03-10-2012, 03:35 PM
(03-10-2012, 09:58 AM)Really? Wrote: I'm sorry, a list of urls to diploma mills proves what?
Yes, many private universities exist. But their authority almost always comes from the government. You cite the UK. In the UK, schools operate under a Royal Charter or an act of Parliament. But there are also other quality control functions ensuring they operate well. The scandal at the University of Liverpool is an example of that. Or take a place like Denmark, which has no process for approving private universities. Nor do they have a process for shutting them down. (Other forces must have taken care of that.) In Denmark, degrees awarded by unrecognized diploma mills were/are just that: unrecognized.
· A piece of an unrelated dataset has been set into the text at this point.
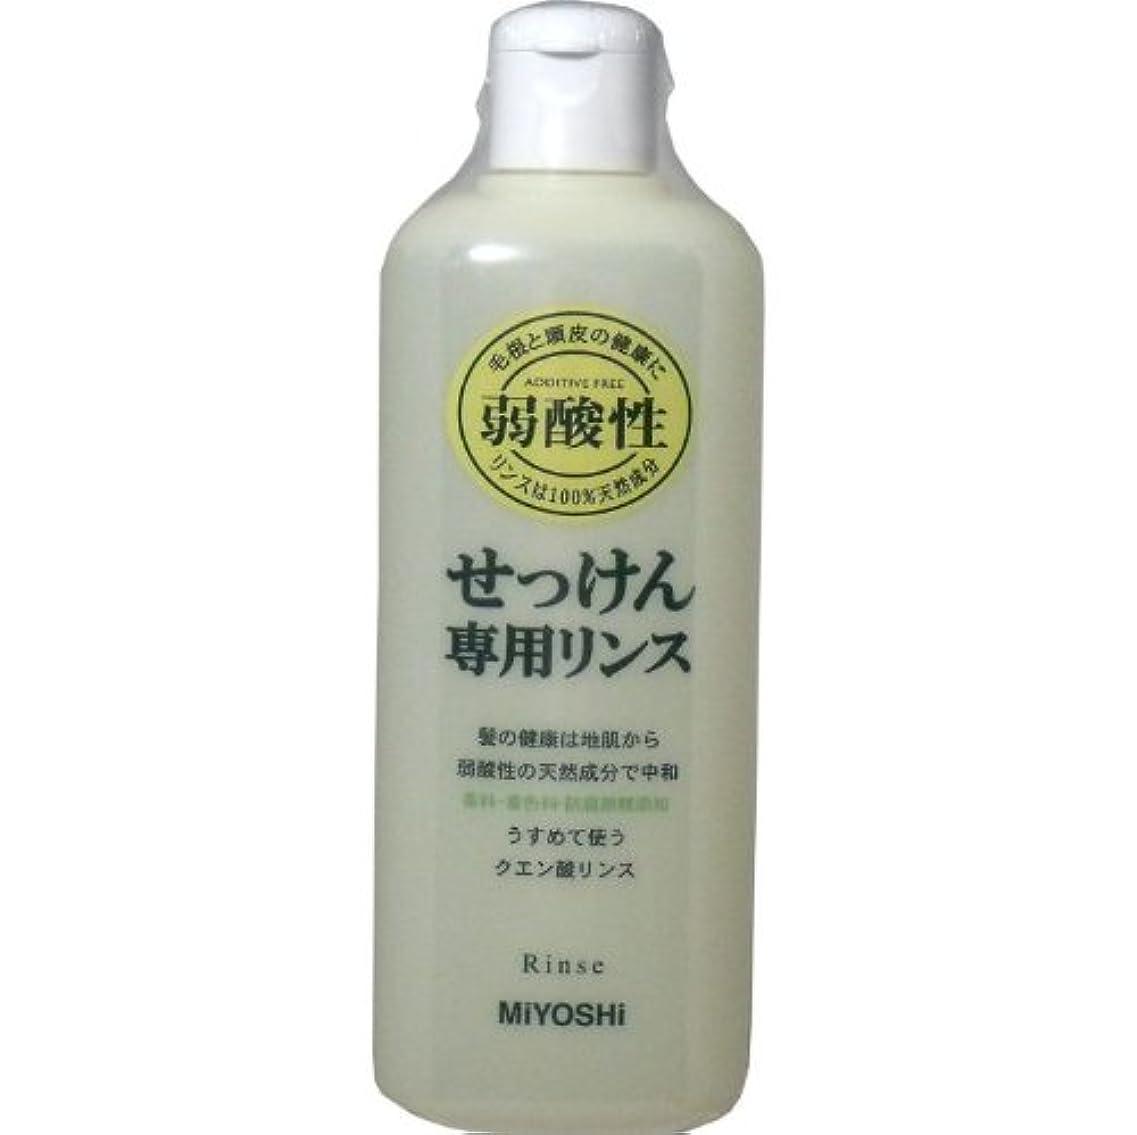 過敏な精神添加剤髪の健康は地肌から、弱酸性の天然成分で中和!!香料、防腐剤、着色料無添加!うすめて使うクエン酸リンス!リンス 350mL【3個セット】

They don't exist as degrees and have no standing, legal and otherwise. But the owners of such ersatz credentials can benefit on that other phenomenon that drives the diploma mill industry: people not checking too closely and not understanding what they see. In the U.S. the authority to operate a university comes from the individual states. As we've seen, some states have been quite lax in exercising this responsibility. Usually it's because they didn't have a diploma mill problem--until they did. Most of those state--California, Mississippi, Alabama, South Dakota, Hawaii, Wyoming, and others--moved to eliminate this stuff. There are very few places left for diploma mills to operate--thank goodness for the internet! A fake degree is a fake degree. Wishing it was real doesn't make it so. Imagine two of them!
Sadly, you have completely missed my point, or you simply know little about private universities or UK Chartered institutions, or don't appreciate how such institutions are managed. You also seem to have a strange fixation on degree mills!